We could also use that, though it's too verbose. I don't mind if we choose ? or # at all, but if they are going to be overloaded or cause confusion, then why not replace them with a keyword?

Edit: I discovered that I'm not the first to suggest this.

Does it have to be a symbol? Why not use a predefined name, e.g. it, like Kotlin has with lambda expressions?

Originally posted by @robbie01 in tc39/proposal-pipeline-operator#91 (comment)

What about the keyword val as an alternative of it? demo

Originally posted by @aloisdg in tc39/proposal-pipeline-operator#91 (comment)

The only keywords available here are ones that already are reserved.

But if that keyword in question only applies in the RHS of the |> operator, wouldn't it slowly be not recommended and then be easily reserved?

Originally posted by @noppa in tc39/proposal-pipeline-operator#91 (comment)

@mAAdhaTTah But isn't this pretty much exactly like the case with async/await? I mean, you can have old (or new) code like this

function foo() {
  const await = 5
  return await
}

and it still works because await is only a keyword inside async functions. Similarily, it/val would only be keywords in RHS of the pipeline, which is always new code so it's not a breaking change.

I can see how new keywords would be unsuitable to use with the standalone partial application proposal since that would make code like

const fooIt = foo(it, 5) // Call foo with "it" or partial application of foo?

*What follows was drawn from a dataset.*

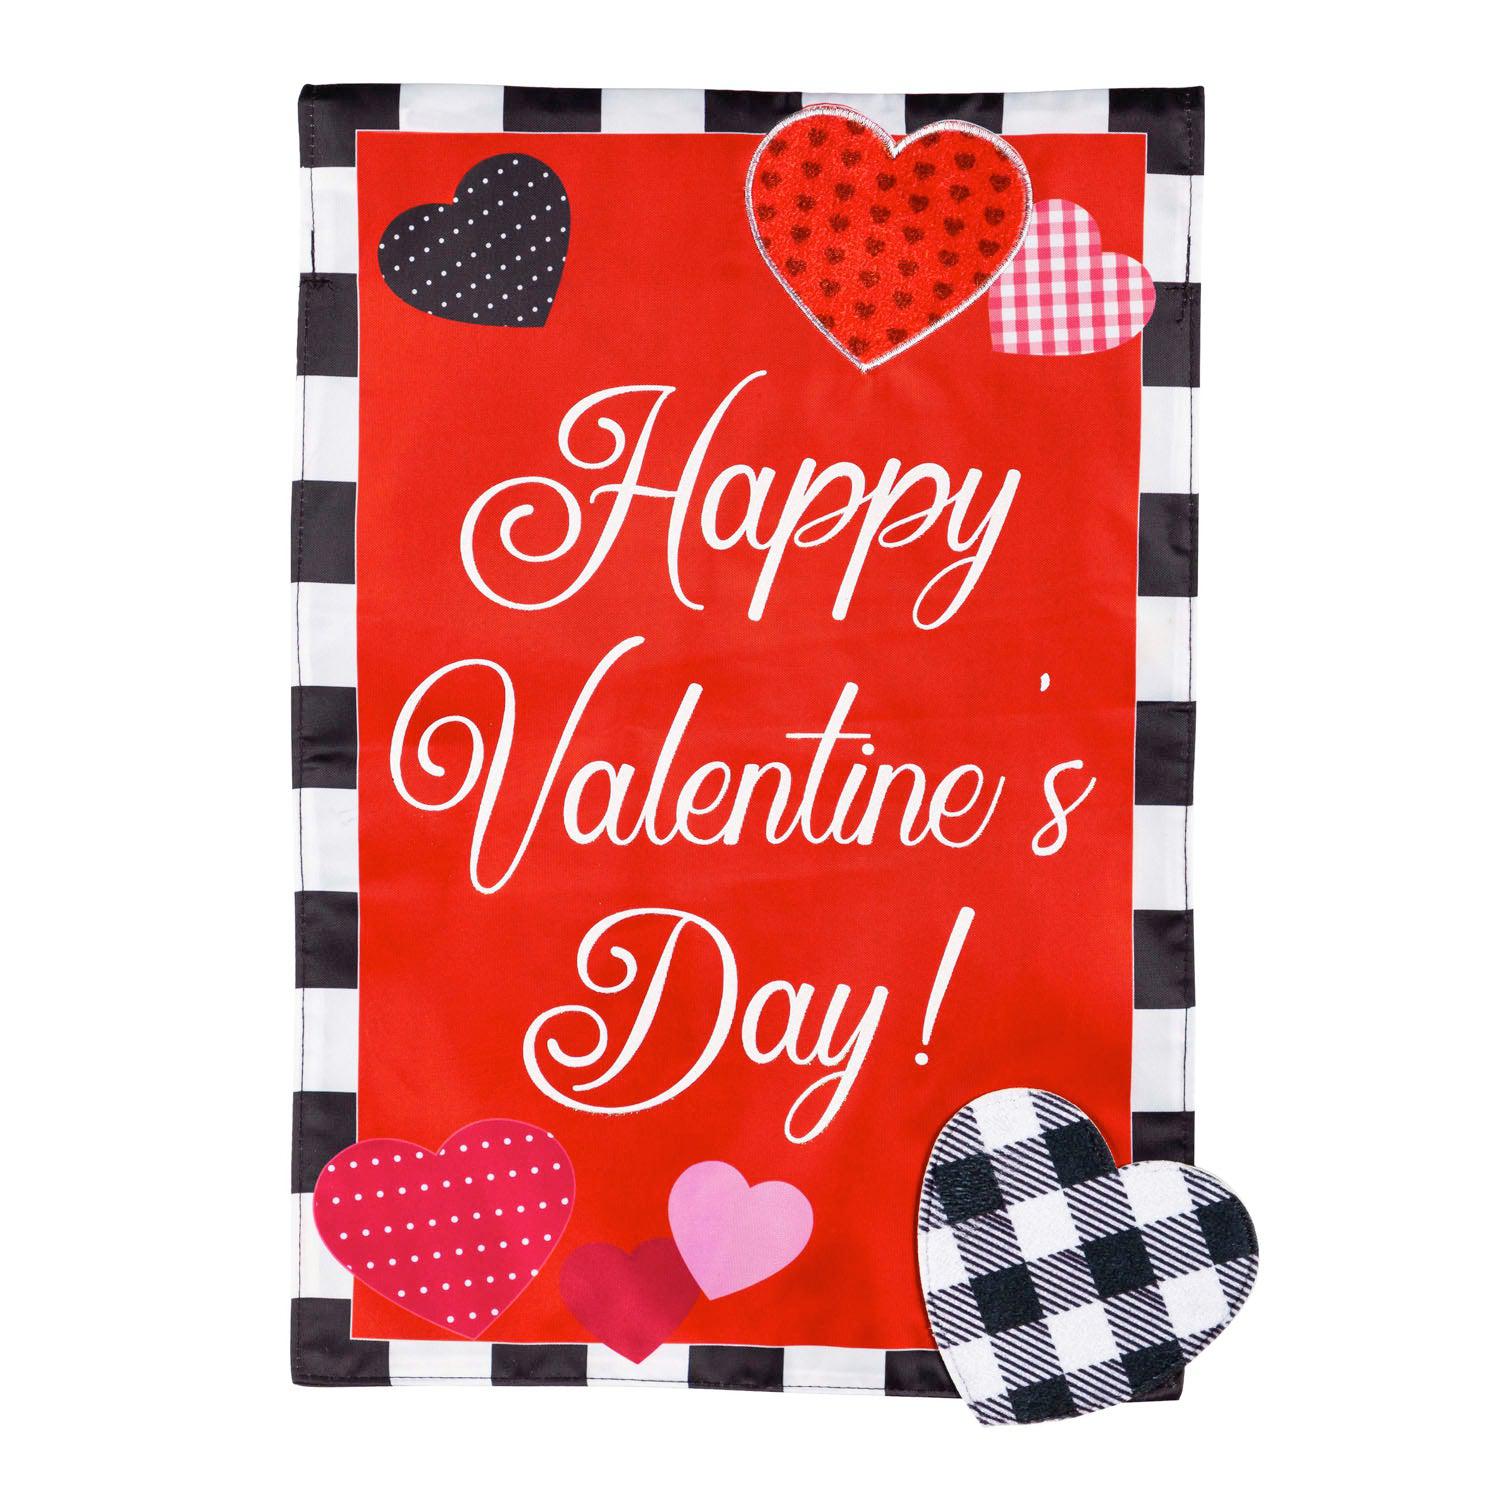 The Valentine's Day Check Border garden flag features a bright red background with a black and white checked border, patterned hearts, and the words "Happy Valentine's Day".

ambiguous, but AFAIK this issue is only about the Hack-proposal, where the paceholder usage is limited to RHS of pipeline and thus new code only.

const fooIt = foo(it, 5) // Still calls foo with "it" as always
const bar = fooIt |> baz(it) // Same as baz(fooIt)

It would be a refactoring hazard when moving code inside a pipeline, as it would silently change meaning. Using an existing identifier is a nonstarter.

? has a great pedigree because of its role as the SQL placeholder. But I don't think it's worth torturing the grammar to get it in; convoluted productions will tax future enhancements.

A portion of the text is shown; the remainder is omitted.